Stefan Undorf macht in Paraguay die Online-Zeitung "Wochenblatt": "Ich sehe mich eher als Volontär"

14.07.2016
 
 

Am Ende der Welt, in Paraguay, gibt Stefan Undorf eine Online-Zeitung heraus - auf Deutsch. kress.de hat ihn besucht. Von Markus L. Blömeke und Prof. Dr. Verena Renneberg.

Die erste Lektion lernen wir gleich am Flughafen. Wir haben einen Leihwagen gebucht, über sixt.de; auf die Bayern kann man sich verlassen, hatten wir gedacht. Aber nicht so hier, am südlichen Wendekreis, in Asunción, der Hauptstadt der Republik Paraguay.
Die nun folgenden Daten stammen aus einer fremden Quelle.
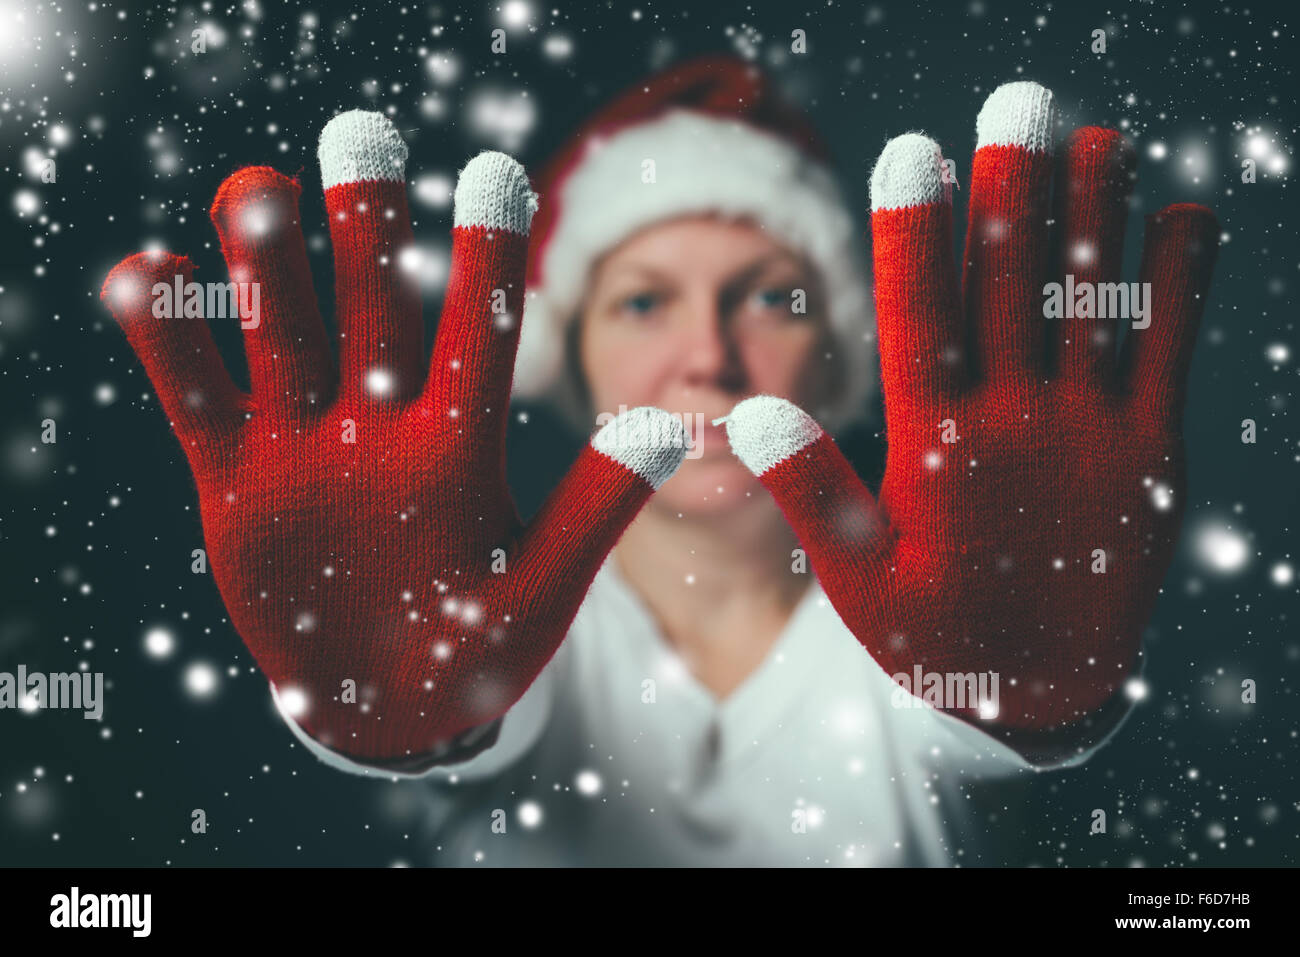 Stoppen der Feier, die schöne Frau im Weihnachtsmann-Kostüm machen Hand Stoppschild, Retro getönten Bild mit Tiefenschärfe Stockfoto

Informationen, Wunschträume, Zukunftsmusik

"Hier kommen oft Leute her, um ihren Leihwagen abzuholen; dabei gibt es Sixt hier gar nicht", erklärt uns eine genervte Endvierzigerin mit schwarzgrauer Lockenpracht. "Keine Ahnung, warum die auf ihrer Website behaupten, sie hätten hier eine Station." Eine vermeintlich valide Information entpuppt sich in Paraguay häufig als Wunschtraum, noch häufiger als Zukunftsmusik, nicht selten als schlichtweg unwahr: Wir haben die erste landeskundliche Lektion gelernt.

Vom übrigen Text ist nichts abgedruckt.